Before you select tires, have you thought about going tubeless? It's super easy to setup on those hoops with a layer of Gorilla tape and a Stans valve. If tubeless is an option then I'd actually throw in a vote for the Bontragers. I'm not usually a proponent of their products but I've found their tubeless road tires to be my favorite.


----------



## ronderman (May 17, 2010)

My buddy has a pair of Flucrums I am going to try in tubeless. 

I'm 6'3" 200 and will try them at 100psi and see how they ride. I agree conti's are good tires - I had the 4 season in 25mm and just never felt fast on that tire and really felt restrained when we did go fast. Still, that's not the GP4000s.

I have a pair of Veloflex in 23mm in their box, a great tire though a little prone to flats at my weight.


----------



## Mr645 (Jun 14, 2013)

Michelin Pro 4, Service course in front, Endurance in back.
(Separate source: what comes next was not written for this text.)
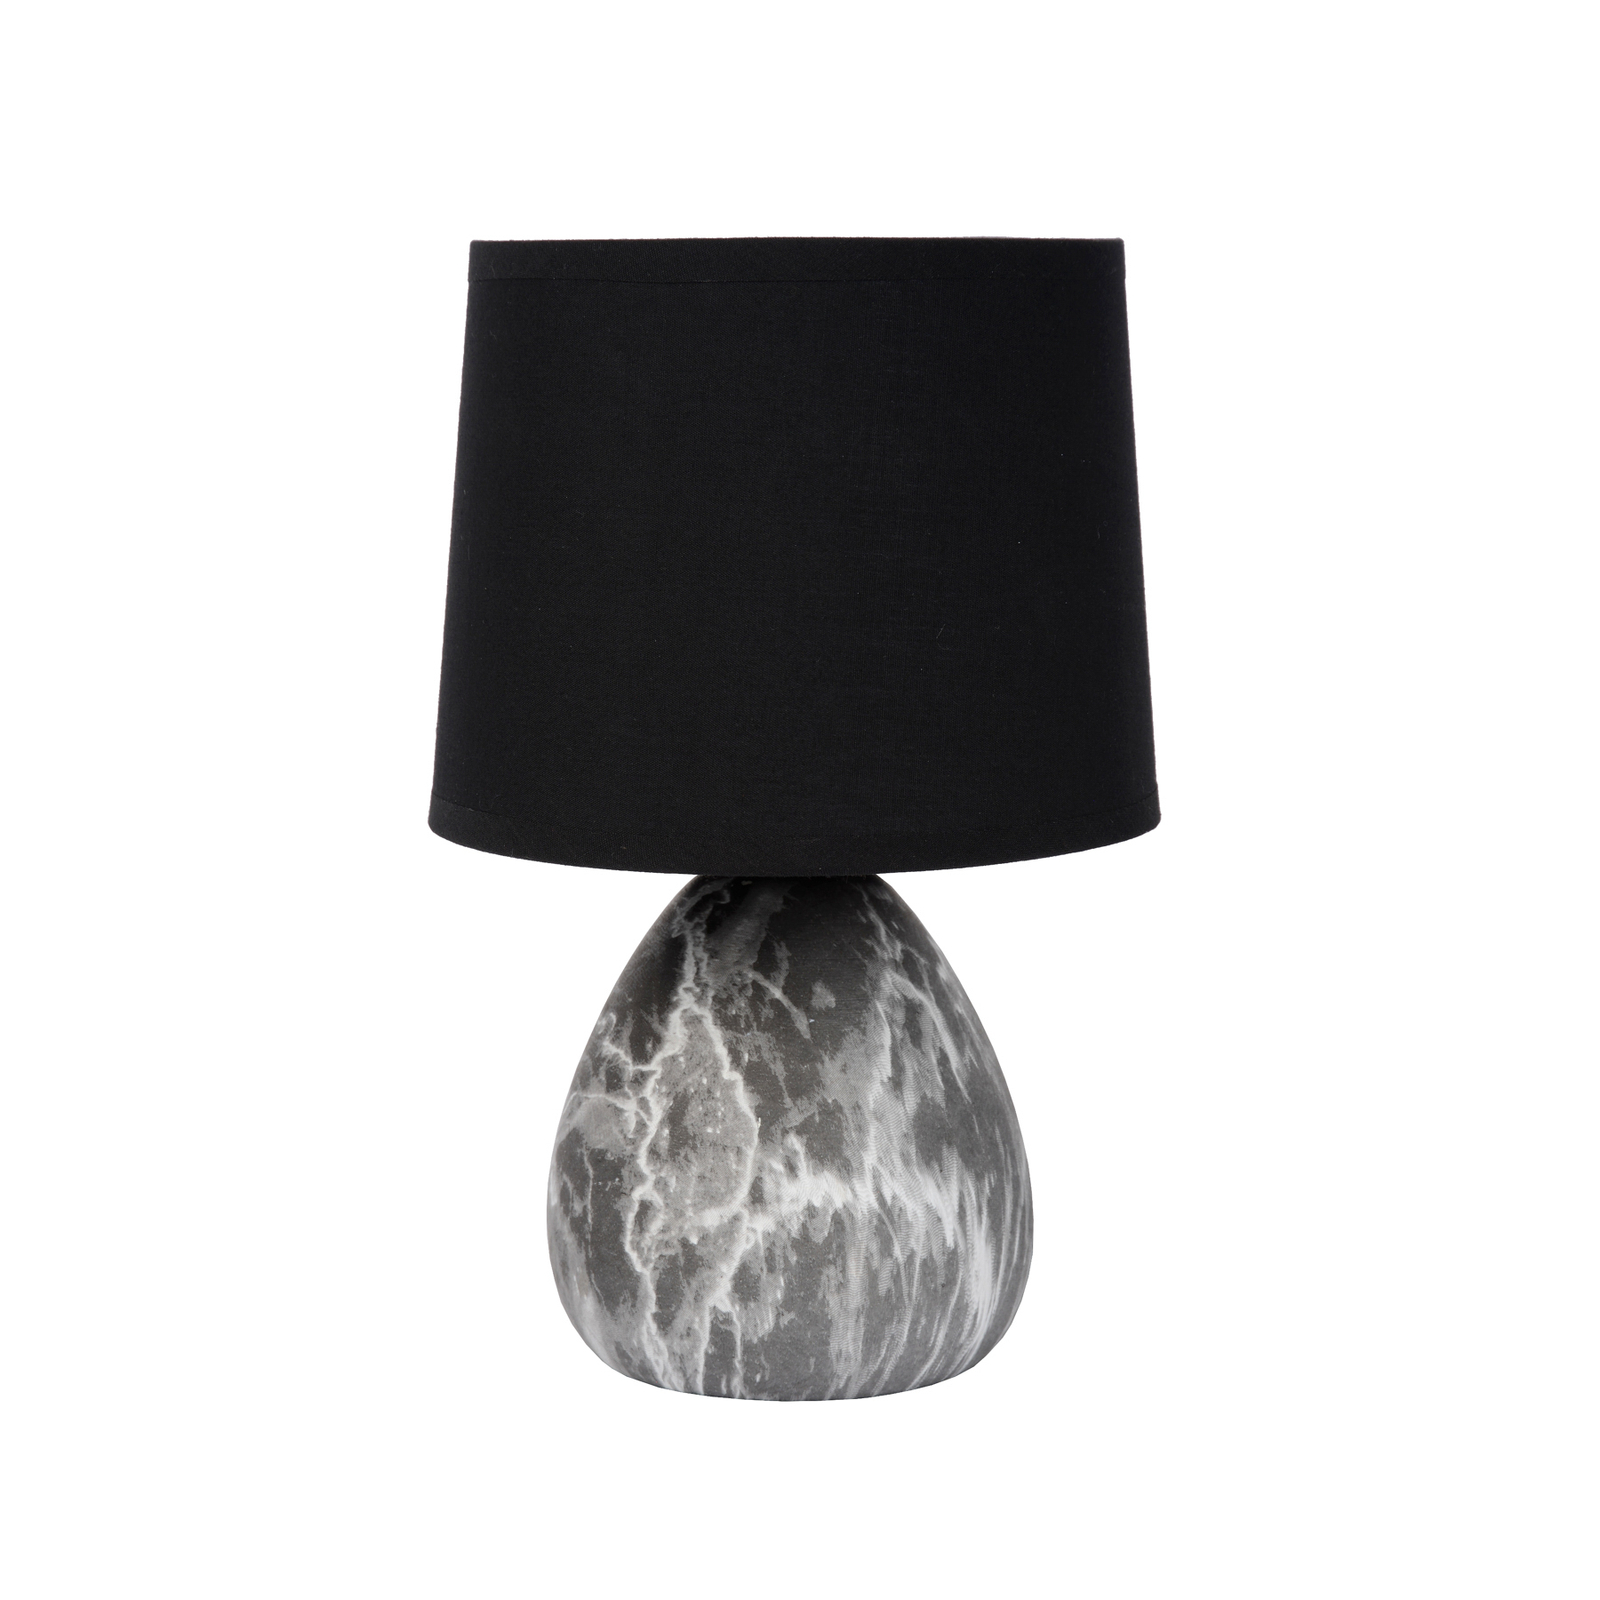 Marmo table lamp with a ceramic base, black

I use the endurance because I hate getting flats. 25mm BTW


----------



## Kerry Irons (Feb 25, 2002)

ronderman said:


> Just picked up a set of Enve 3.4 clinchers with King Hubs. Love the King hubs - still really have to take the wheels out - though I took them out on the group ride last night. I'm coming off a pair of the all black Mavic Cosmic SLR wheels - actually really liked those wheels, just didn't care for the hubs.
> 
> Anyway, what tires are you all running? I have the last model of the Vittoria Pave's on there and they are 24mm. With the roads getting nicer I wanted to put on new tires.
> 
> ...


Just curious, but other than tire width, why would a wheel determine the brand and model of tire that you use?


----------



## spdntrxi (Jul 25, 2013)

GP4000s II's on 25's for both, but I ordered a 23 for the front, because my bike barely has the clearance for 25's and I pick up road debris and tired of little scratch lines under my fork.


----------



## SwiftSolo (Jun 7, 2008)

Take this advice seriously. 

You are riding on tires with a kevlar veil and kevlar strands in the tread. Do not buy any tire with less kevlar (Aramid) if you hope to match the puncture resistance of the tire you currently have at similar weight.


----------



## izza (Jul 25, 2012)

23's Giant P-SLR 1's at 110 psi. I'm 192lbs. 

The warranty & instructions recommend not to use anything above 23's. Took the opinion that this was based presumably on aero and it was a bit silly to pay thousands for a slight aero benefit only to possibly scupper it with wider tyres.


----------



## MMsRepBike (Apr 1, 2014)

izza said:


> 23's Giant P-SLR 1's at 110 psi. I'm 192lbs.
> 
> The warranty & instructions recommend not to use anything above 23's. Took the opinion that this was based presumably on aero and it was a bit silly to pay thousands for a slight aero benefit only to possibly scupper it with wider tyres.


um.. no.


----------



## jmess (Aug 24, 2006)

23s are what the wheels were designed around for aero and what the aero test results are based on. Other than that you can run whatever you want.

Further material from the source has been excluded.